- _AIM OF THE TASK_
Nothing but the lines from the one containing "Viisher Lavender Sequins" through the last line of the data below should be returned, each exactly as it stands, pictures excluded.

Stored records
=== Begin Enclosure ===
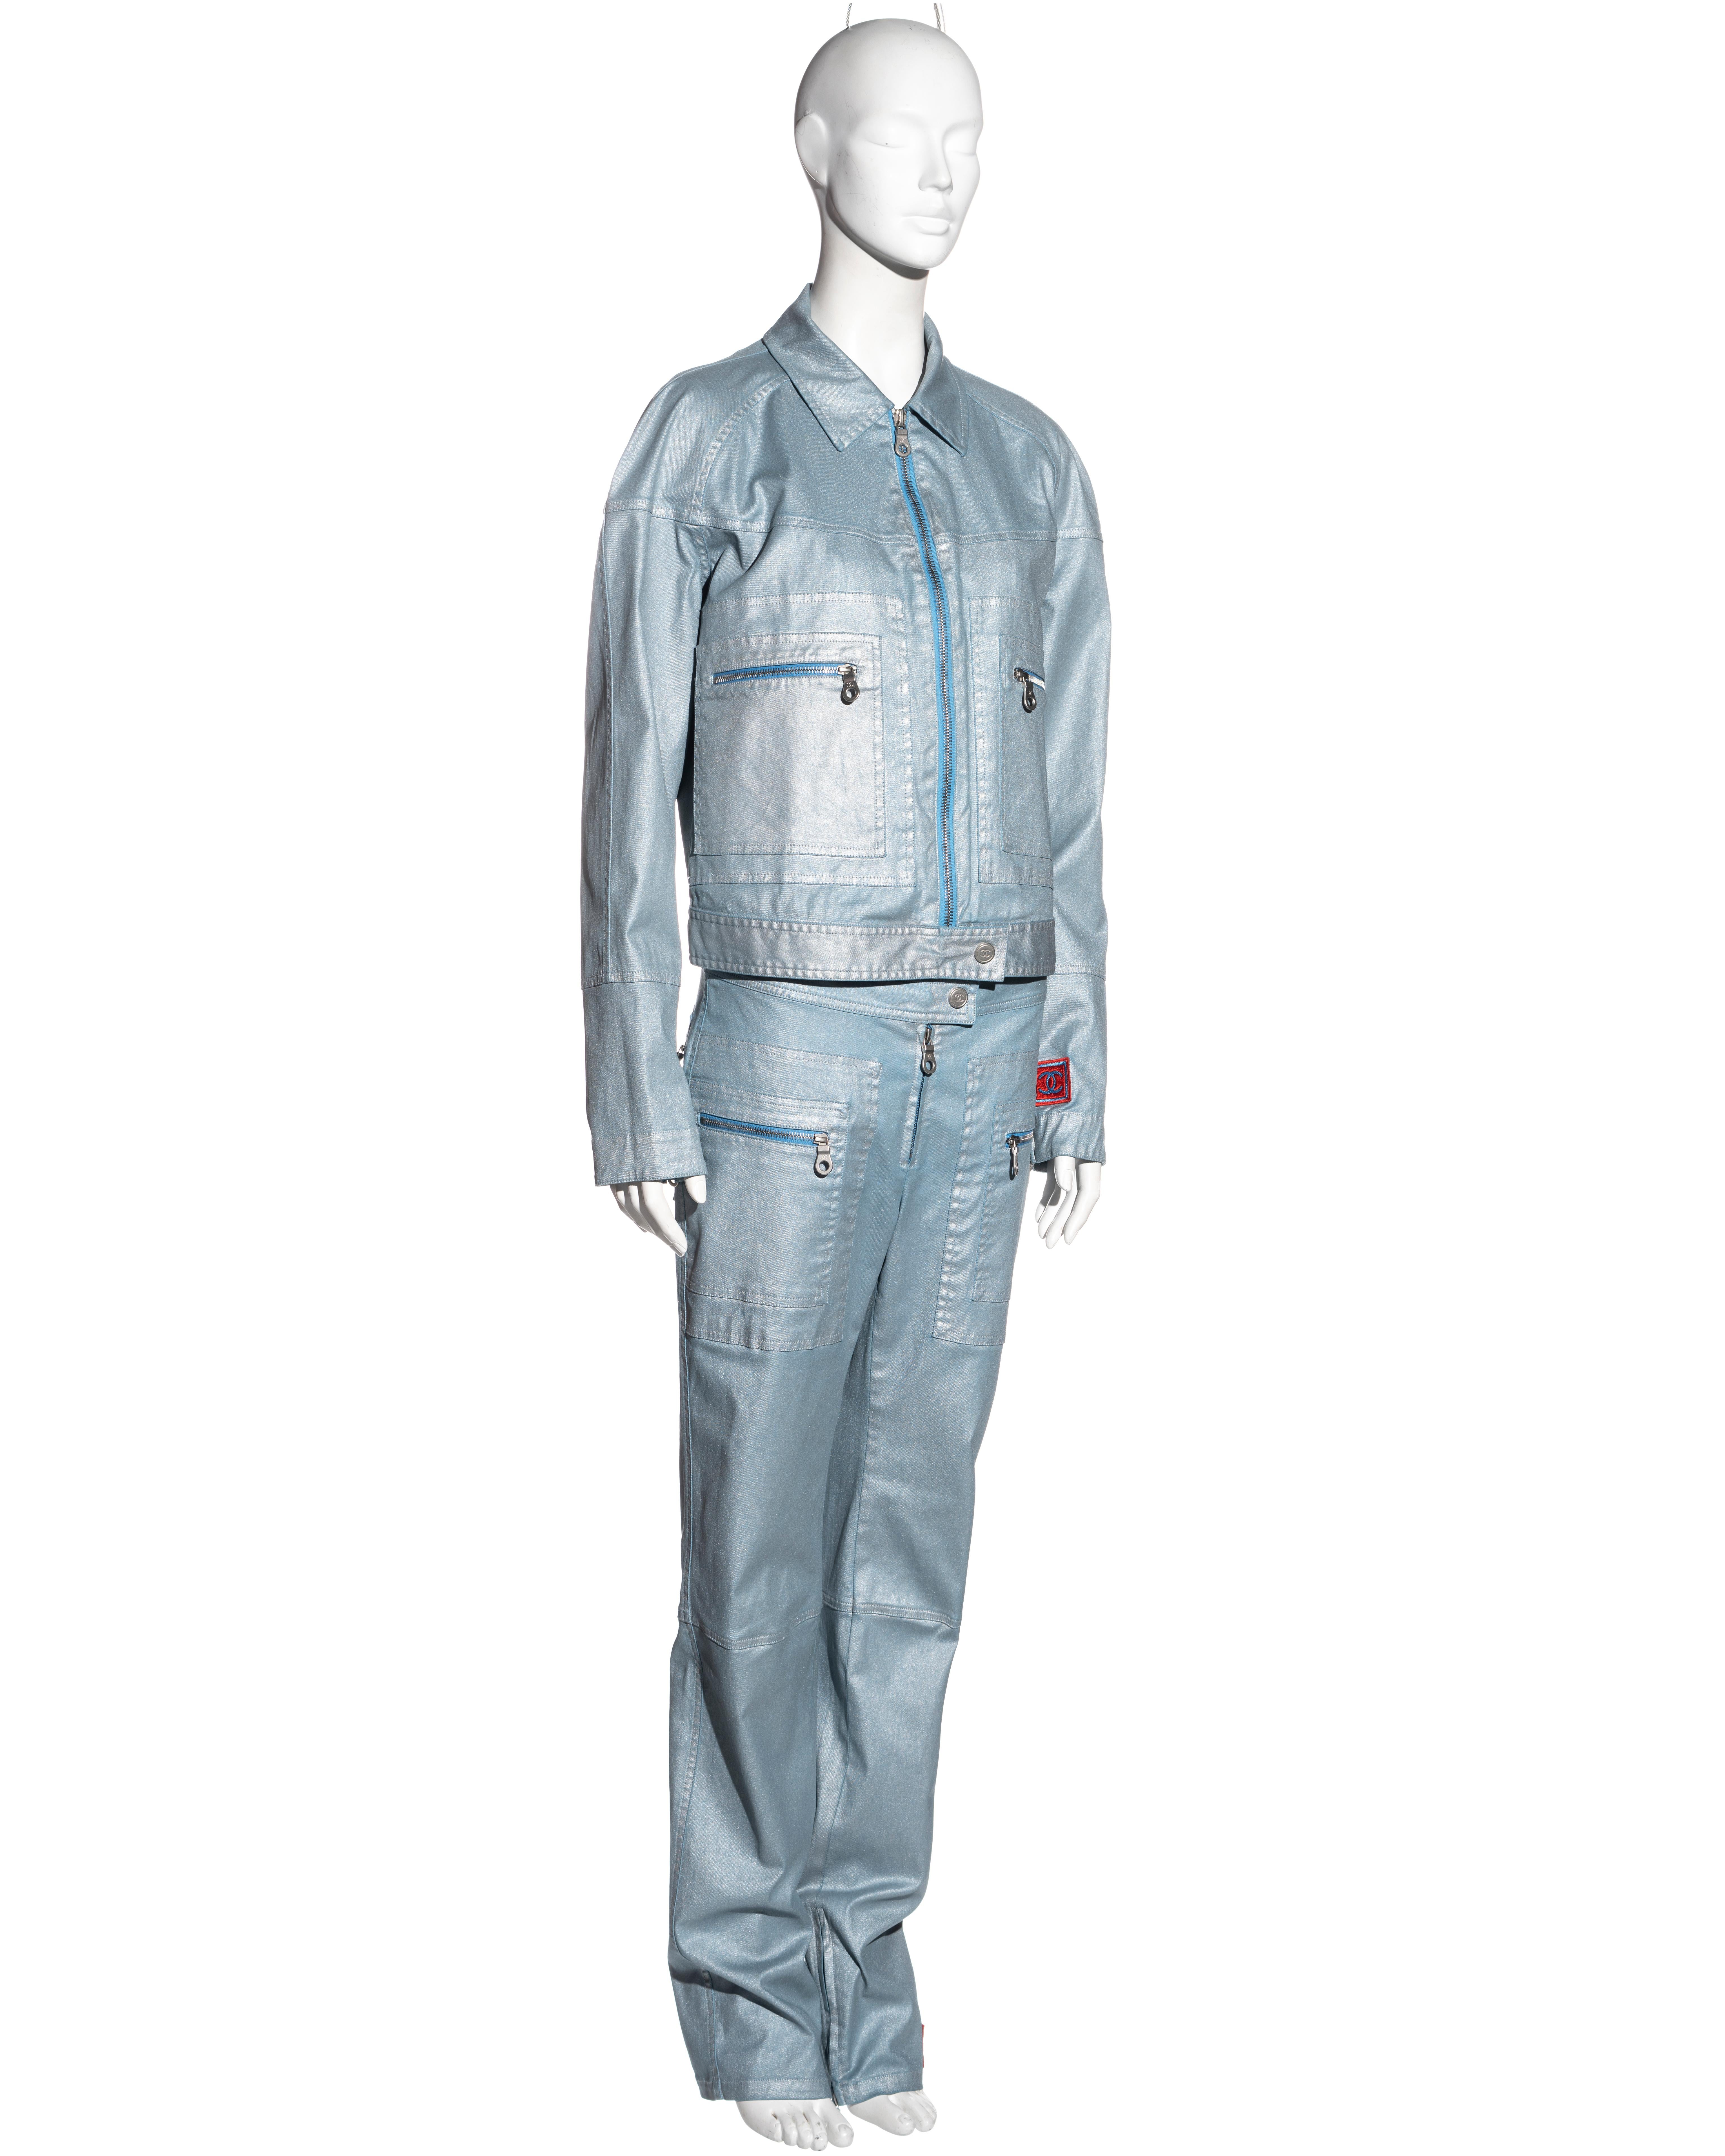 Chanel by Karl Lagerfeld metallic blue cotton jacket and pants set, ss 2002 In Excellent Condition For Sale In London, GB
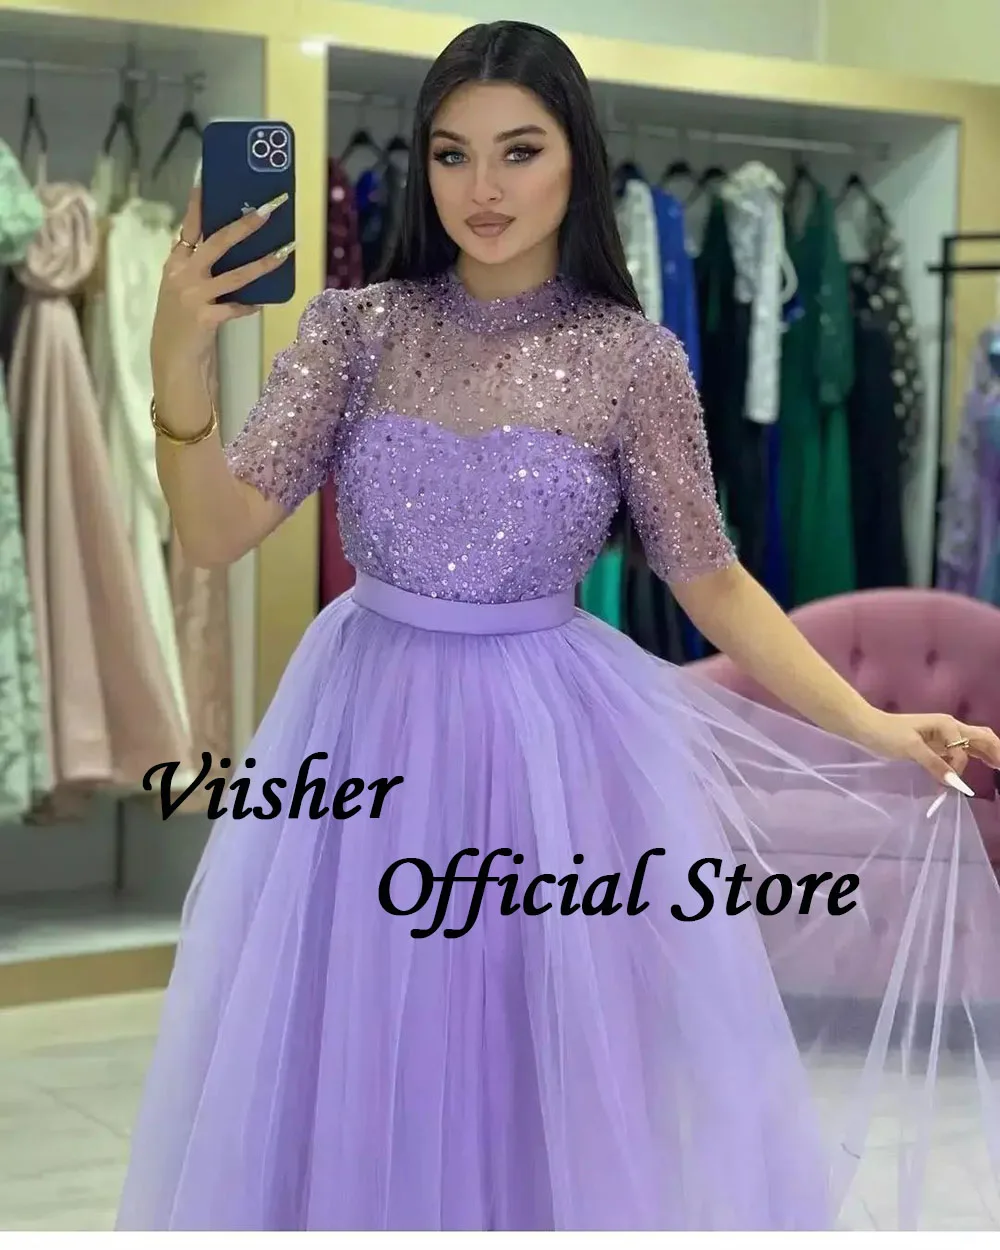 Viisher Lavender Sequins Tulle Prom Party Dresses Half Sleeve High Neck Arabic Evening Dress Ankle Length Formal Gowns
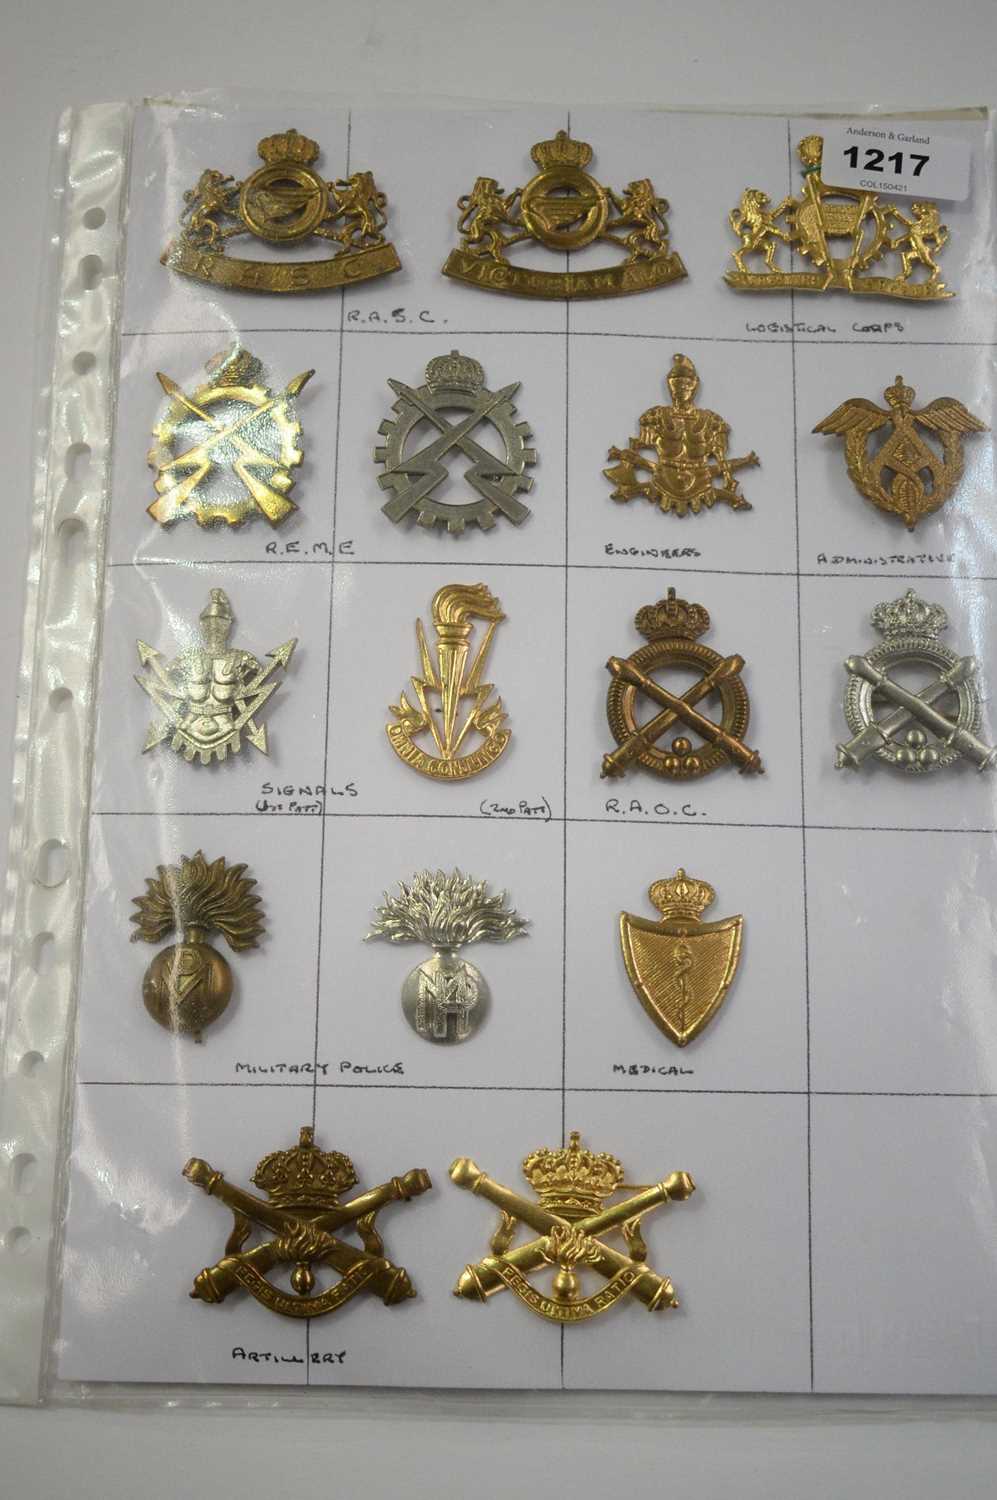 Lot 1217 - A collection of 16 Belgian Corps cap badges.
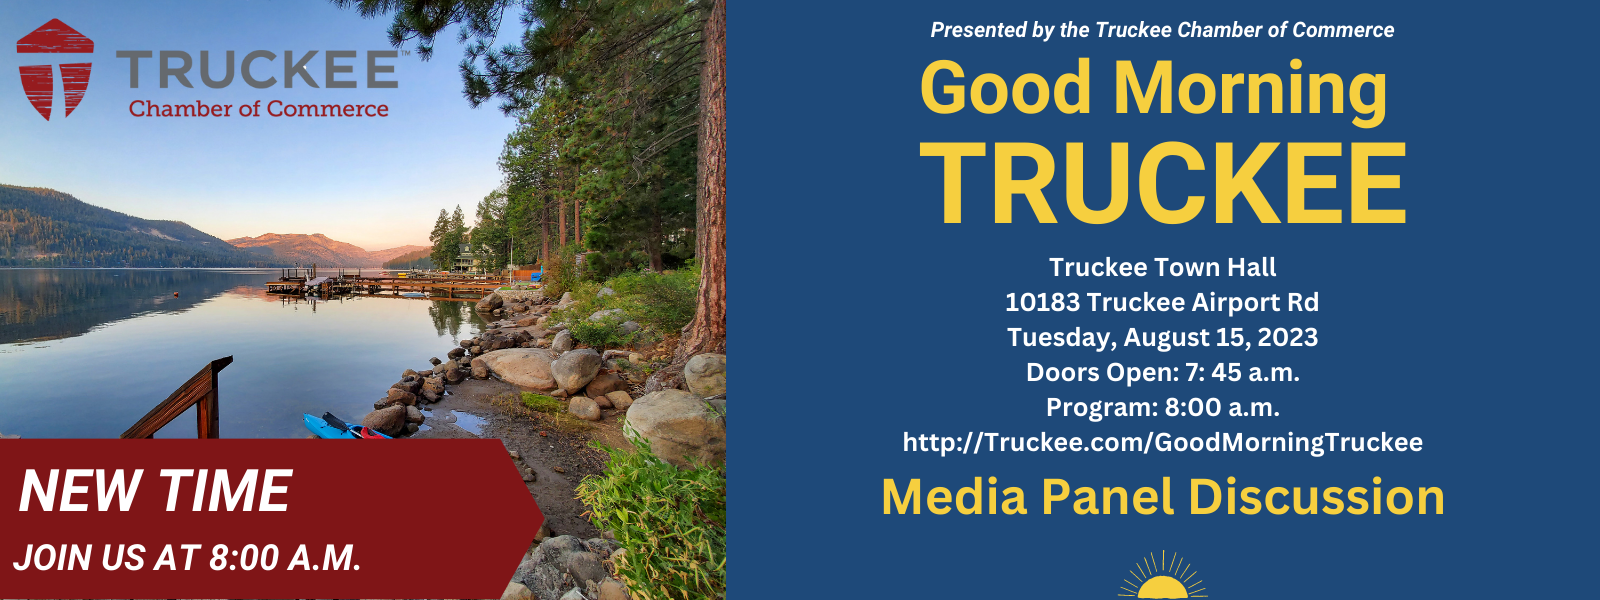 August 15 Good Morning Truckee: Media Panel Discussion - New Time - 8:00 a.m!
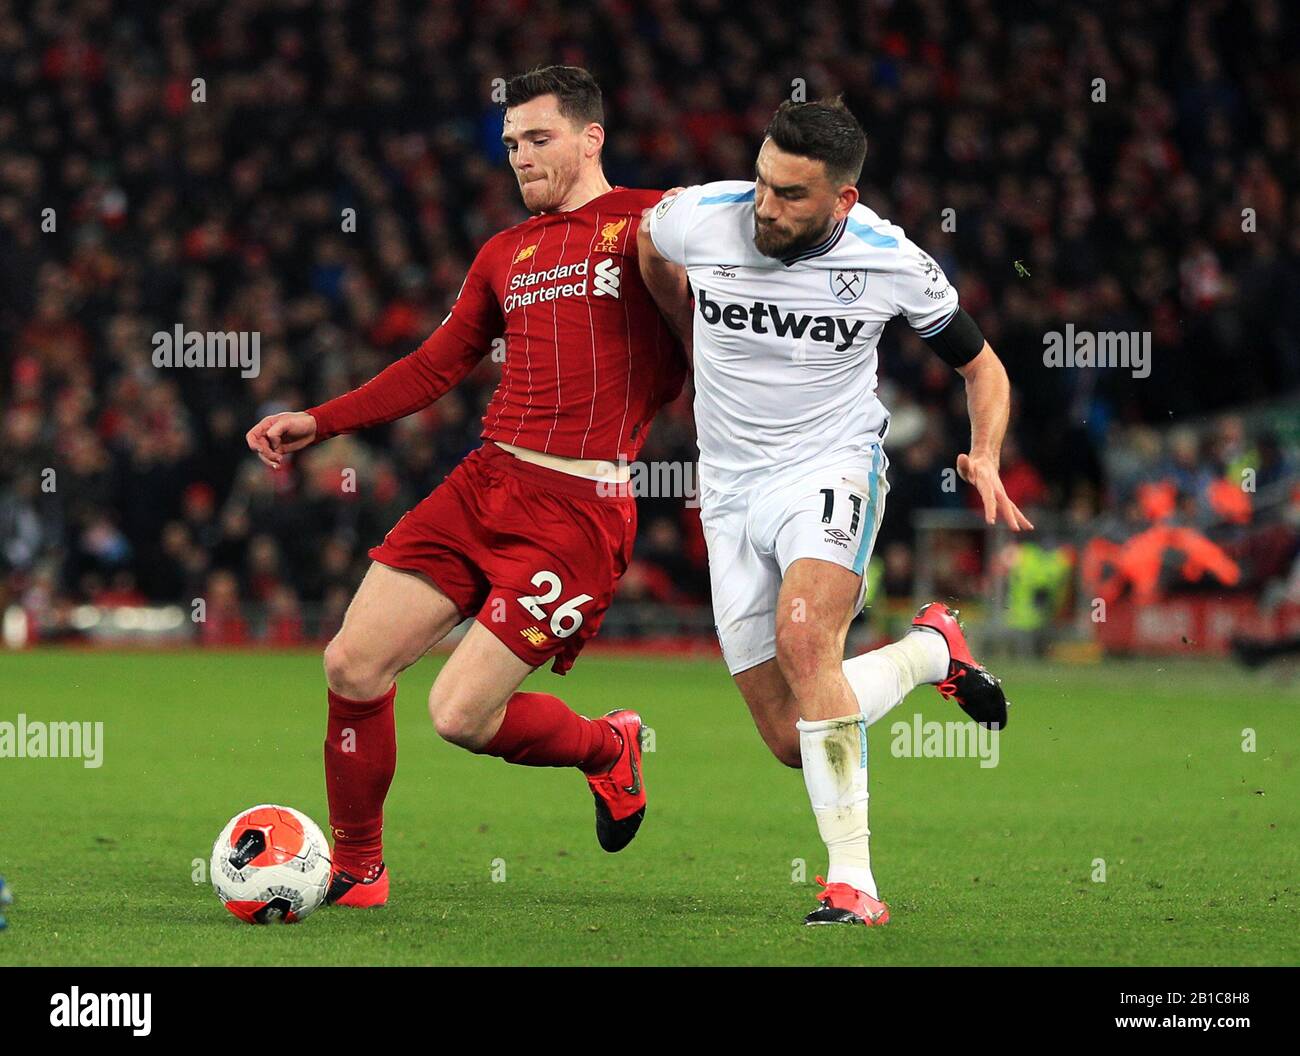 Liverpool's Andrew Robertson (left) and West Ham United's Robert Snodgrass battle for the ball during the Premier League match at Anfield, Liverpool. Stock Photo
=== End Enclosure ===
- _ANSWER SECTION_
 Viisher Lavender Sequins Tulle Prom Party Dresses Half Sleeve High Neck Arabic Evening Dress Ankle Length Formal Gowns
 Lot 1217 - A collection of 16 Belgian Corps cap badges.
 August 15 Good Morning Truckee: Media Panel Discussion - New Time - 8:00 a.m!
 Liverpool's Andrew Robertson (left) and West Ham United's Robert Snodgrass battle for the ball during the Premier League match at Anfield, Liverpool. Stock Photo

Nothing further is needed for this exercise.